Believe it or not, I was a new writer once, and in 1973 I was a finalist for a brand new award for Best New Writer, the first year it was given. It was called the John W. Campbell Award then, and for many years thereafter. Today it is called the Astounding Award, but it’s the same award. “Not a Hugo,” by either name, it is awarded to the best new writer to break in during the previous two years.

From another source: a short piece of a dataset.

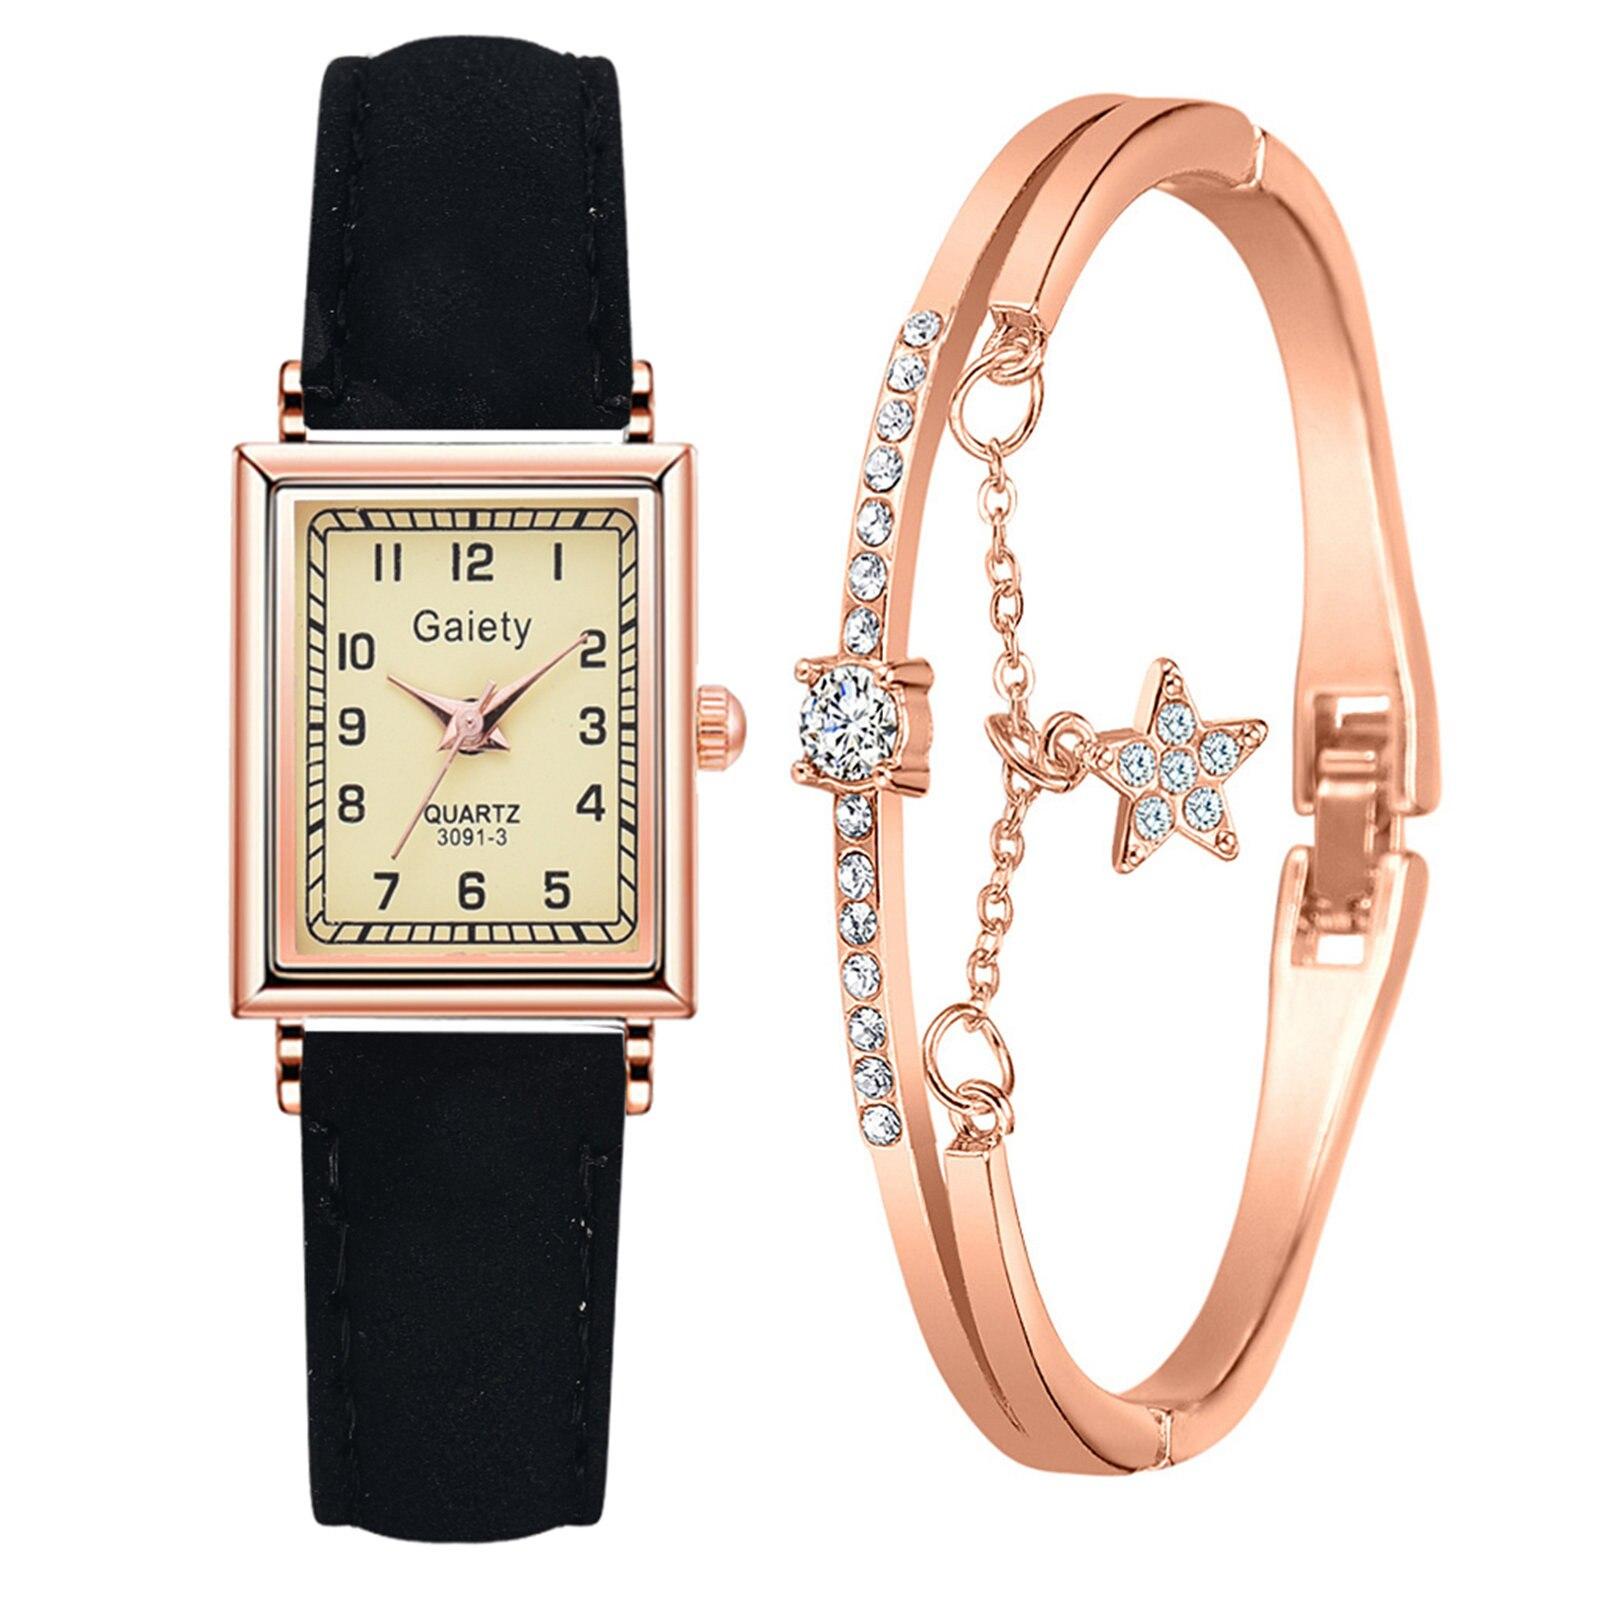 Fashion Women Watch Luxury Rose Gold Watches Leather strap Ladies Casual Watch With Bracelet Jewelry часы женские наручные W1 часы наручные женские taya цвет черный t w 0065 watch gl black

XIRAN JAY ZHAO was a finalist for the Astounding Award in 2022. They lost, just as I did in 1973 — but hey, it is an honor just to be nominated, and I certainly felt that way in ’73. The first time is always special. Jay got enough votes to make the ballot again in 2023, their second year of eligibility… 178, to be precise, the fourth highest nomination total. But their name did not appear on the final ballot.
Why? No idea.
Instead, we gave them an Alfie.
The final Alfie of the night went to R.F. KUANG for her novel BABEL, OR THE NECESSITY OF VIOLENCE,, which received 810 nominations, the third highest total. Nonethelss, there was no place on the ballot her. That was especially egregious, I thought, since BABEL would have had an excellent chance of coming out on top if the book had been nominated. The novel had already won the Nebula Award and the Locus Award, among other honors; a Hugo would have given it a rare sweep of SF’s most prestigious awards. Alas, BABEL never got the chance to contend.
But it did get an Alfie. And Rebecca herself was there to collect it.
Will there be more Alfies in the years to come? Only time will tell.
But Glasgow was fun. And I hope to see you all again this year, in Seattle.